Aux États-Unis Sanders correspond très exactement à ce que Chantal Mouffe appelle de ses vœux: "un populisme de gauche". Pour elle, le terme "populiste" n'est pas un repoussoir.

La colère des jeunes Américains, pas tous blancs comme s'efforce de faire croire la propagande est la source principale du succès de Sanders mais aussi la colère des cols bleus. On peut lire l'entretien qu'il a accordé à Spike Lee qui lui apporte son soutien.

La colère qui porte Sanders n'est pas raciste, pas xénophobe, pas sexiste ni homophobe mais elle semble se nourrir aux mêmes sources que celle qui anime une grande partie des soutiens de Trump, le déclassement. Pour les étudiants, les emprunts qu'ils ont dû faire pour leurs études et la dette qui pèse sur eux sont un facteur mobilisateur. Ce qui s'appelle la montée de l'inégalité est en fait une dégradation de tous les services publics et une baisse continue de niveau de vie pour l'immense majorité des Américains.
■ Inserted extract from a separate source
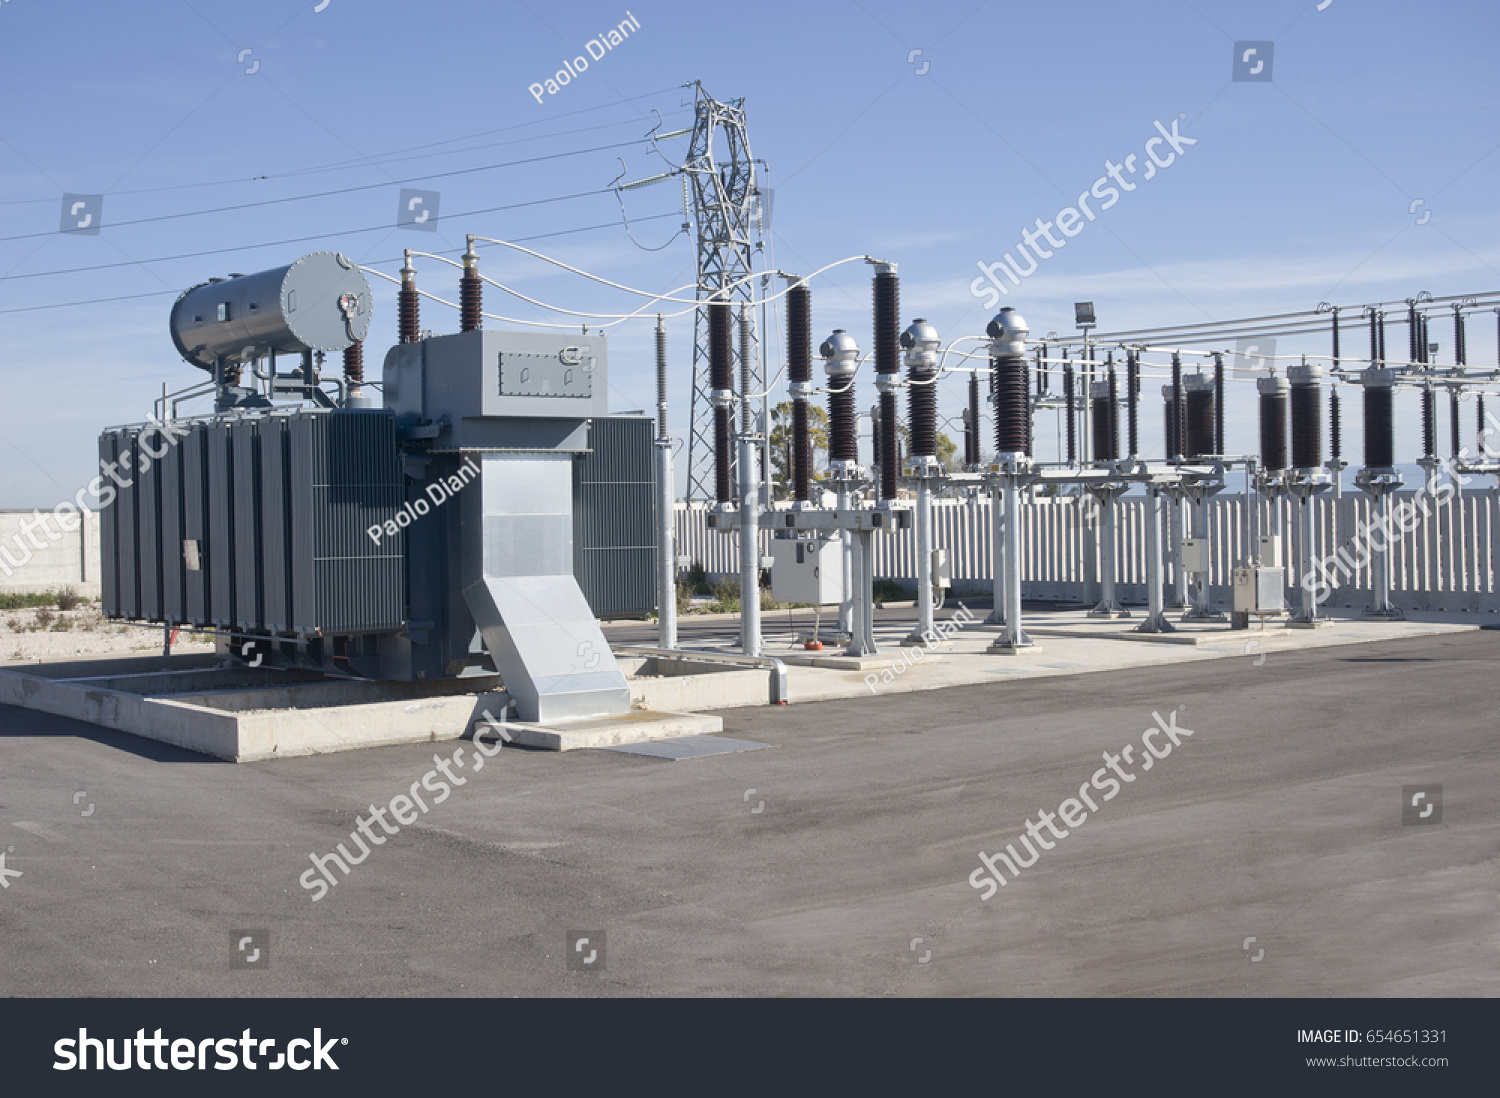 Electric Power Substation:
Electricity Substation, Power Line, Power Station, Equipment, Cable #654651331

Aux déclassés Trump offre l'illusion fasciste, la voie de la violence contre l'altérité et la tentation criminelle. Aux Américains touchés par la paupérisation rampante et le déclin des classes moyennes Sanders offre une remobilisation citoyenne, une attention à l'environnement et la taxation des ultra-riches, ceux là mêmes qui fuient l'impôt et la responsabilité sociale. En d'autres termes, la révolte des gueux peut prendre des formes fort différentes. Le "populisme de gauche" est la ré-invention de la démocratie.

Ce que l'establishment américain ne semble pas comprendre, c'est que se rassembler autour de la candidature d'Hillary Clinton, la candidate de Wall Street, de Wal-Mart, de Netanyahou et de l'Etat profond, donc du business as usual, ne gommera pas la colère dont les racines sont socio-économiques. La tentation des exclus de s'en remettre au pire et à un personnage fascitoïde ne peut disparaître que si une passion progressiste prend la place du discours habituel de la caste au pouvoir, qu'elle se dise démocrate ou républicaine.